Upper Caste entrepreneurs resent the heavy regulatory burdens and the privileges lavished on corporations and the super-wealthy.
The Upper Caste also resents the Oligarchs and New Nobility who pay a lower percentage of their income in taxes. The Financial Aristocracy can work the tax system to report income as capital gains (a much lower rate than earned income) and use a vast cornucopia of tax breaks and subsidies to reduce their tax burden.
The wage-earning lower classes resent the Upper Caste and the Oligarchs for obvious reasons, but they also resent the State dependents, many of whom live better than those working one of America’s tens of millions of low-paid, few-benefits jobs.
You might expect State dependents to love their servitude, but they have reasons to resent the State as well. Dependency breeds resentment, and this is exacerbated by loads of paperwork (imposed to weed out fraud and scammers) and the general inadequacy of many state benefits.
Meanwhile, the state managers/technocrats and politicos live in the same bubbles as the New Nobility. (The Oligarchs live in a much more rarified bubble, of course.) For these Protected Few, the system works great for me so it must work great for everyone else.
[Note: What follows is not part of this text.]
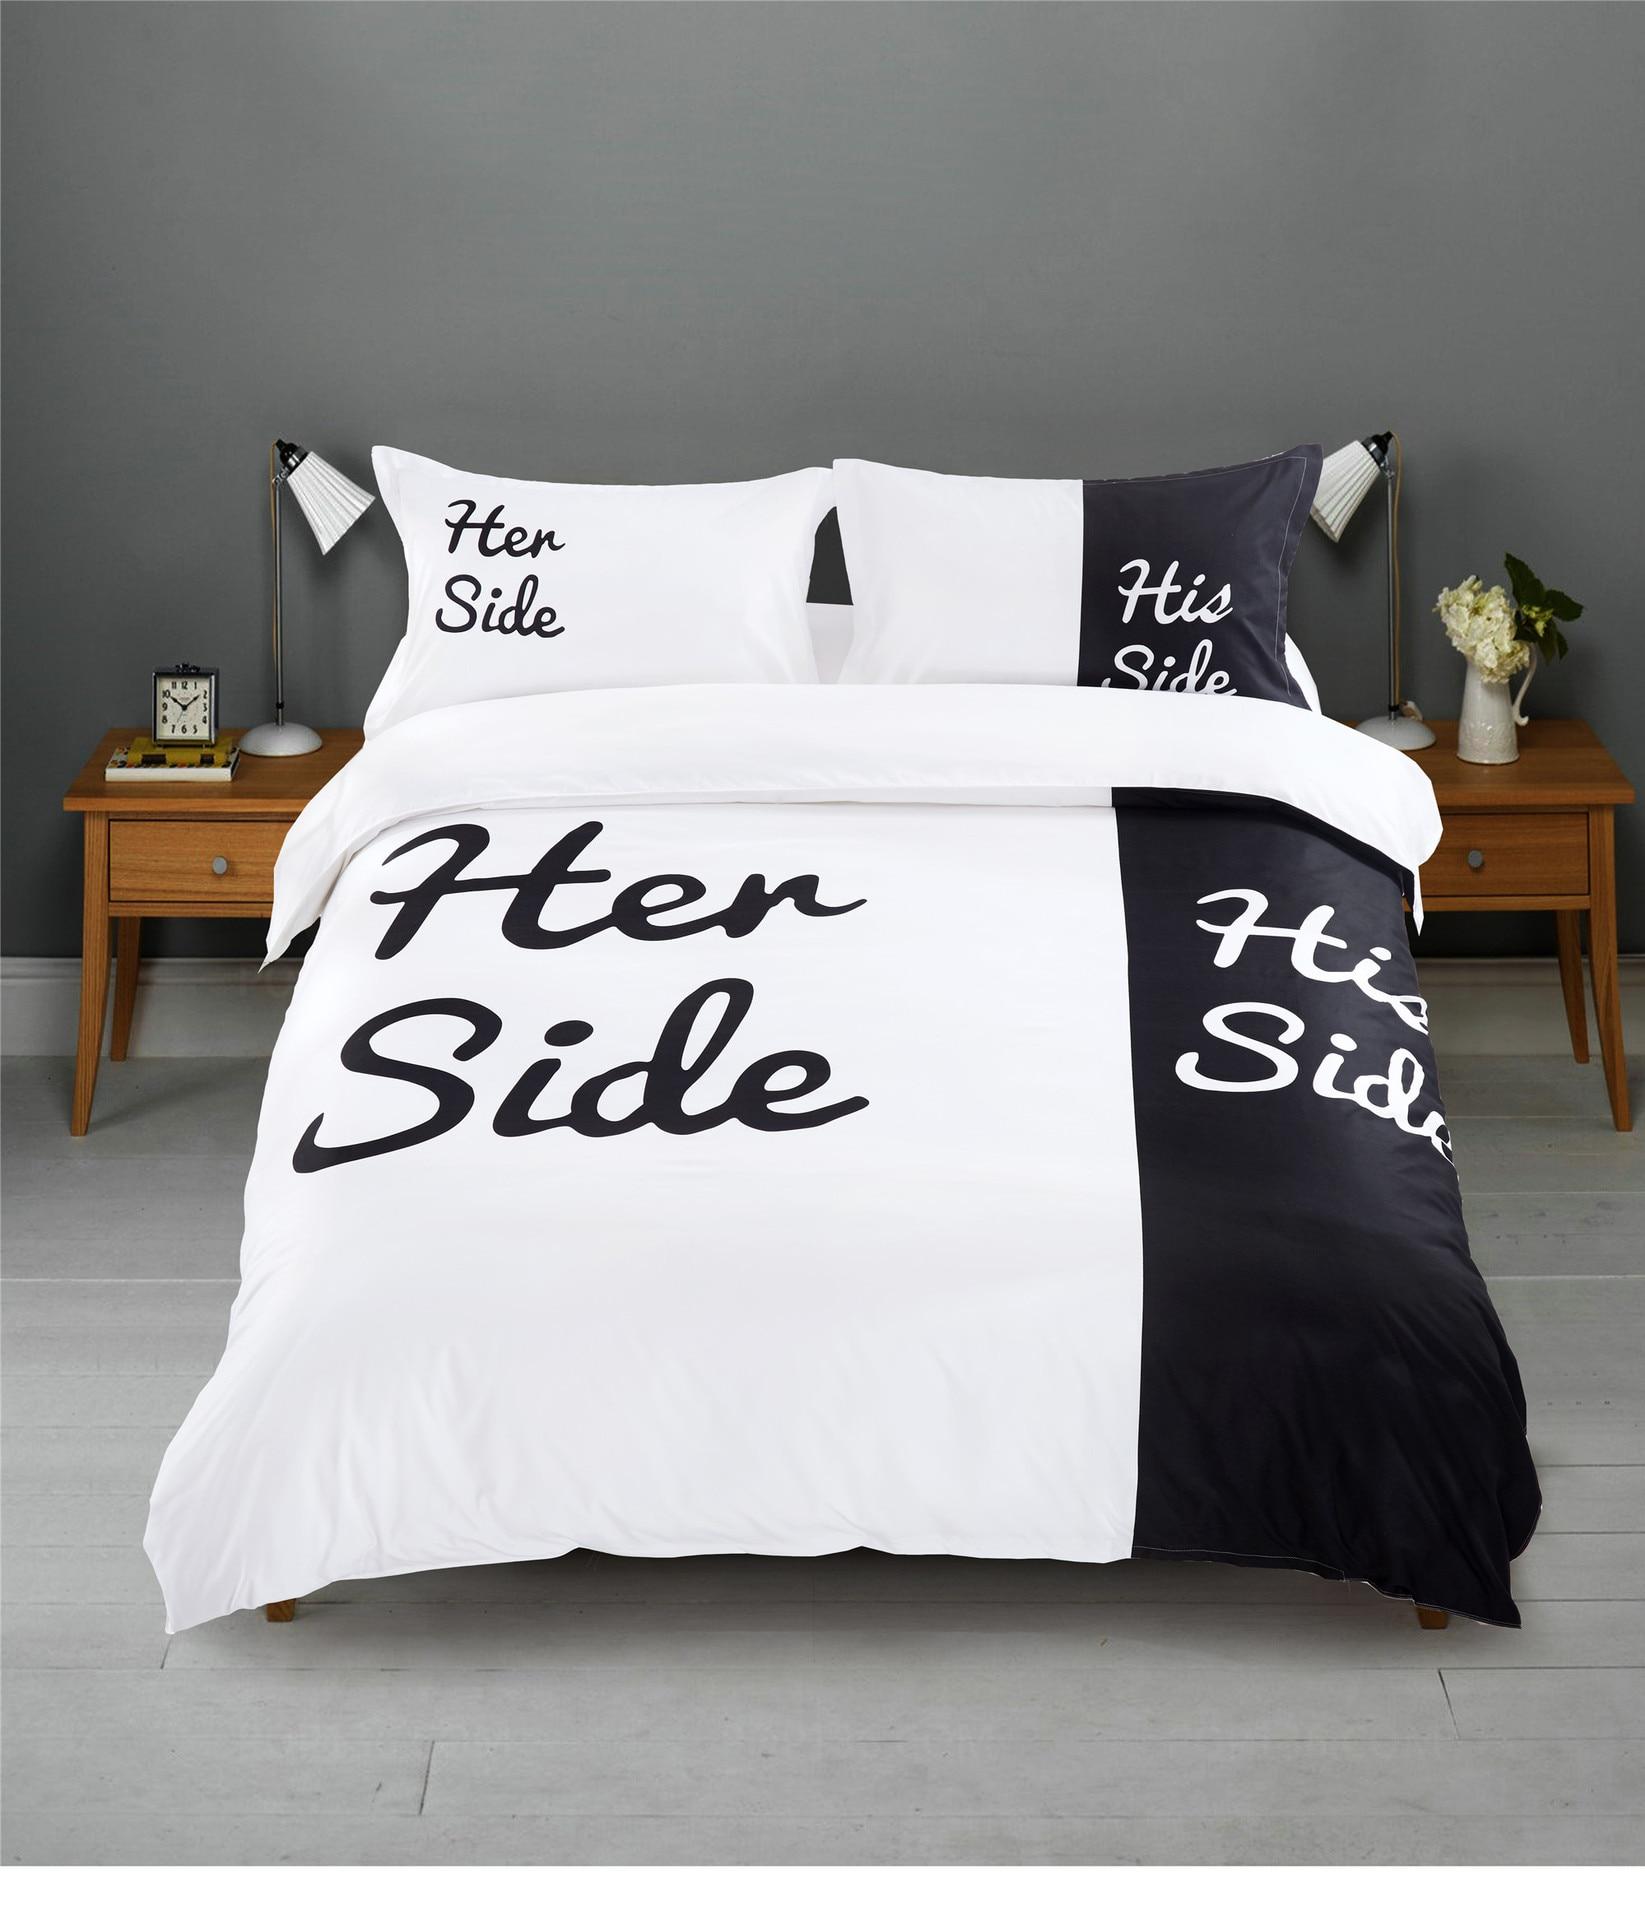 Letter Print Duvet Cover Set King Queen Size Bed Sheet Bedding Set Sexy Herside Hisside Black White Bedroom Bed Linen

Alas, it only works for the top slice of American society which vigorously maintains the bubble separating it from the coarse realities of the bottom 80%.
In summary, class wars are the inevitable result of an economic system in which anything goes if you’re rich enough and winners take most. While the working poor are recruited to fight and die in the Imperial Project, the super-wealthy focus on philanthro-capitalist foundations which are simply non-profit extensions of their for-profit power.
Social Mobility between classes has decayed, and people grasp this. Go ahead and do all the right things–borrow a fortune to get a college degree, build your resume with low-paying jobs working ridiculous hours, and so on, and eventually conclude you’re a precariat just like everyone else. Maybe a better paid precariat, or maybe a poorly paid precariat, but that narrow band is all the Financial Mobility you’re ever going to get.
The winners in this system are protected by the State, while the losers are stripmined by crushing taxes or humiliated by their abject dependence on the state. Even if they don’t understand the exact mechanisms of financial control–the Federal Reserve’s bag of tricks, for example–they understand the rich get richer and the state protects them from the lower classes.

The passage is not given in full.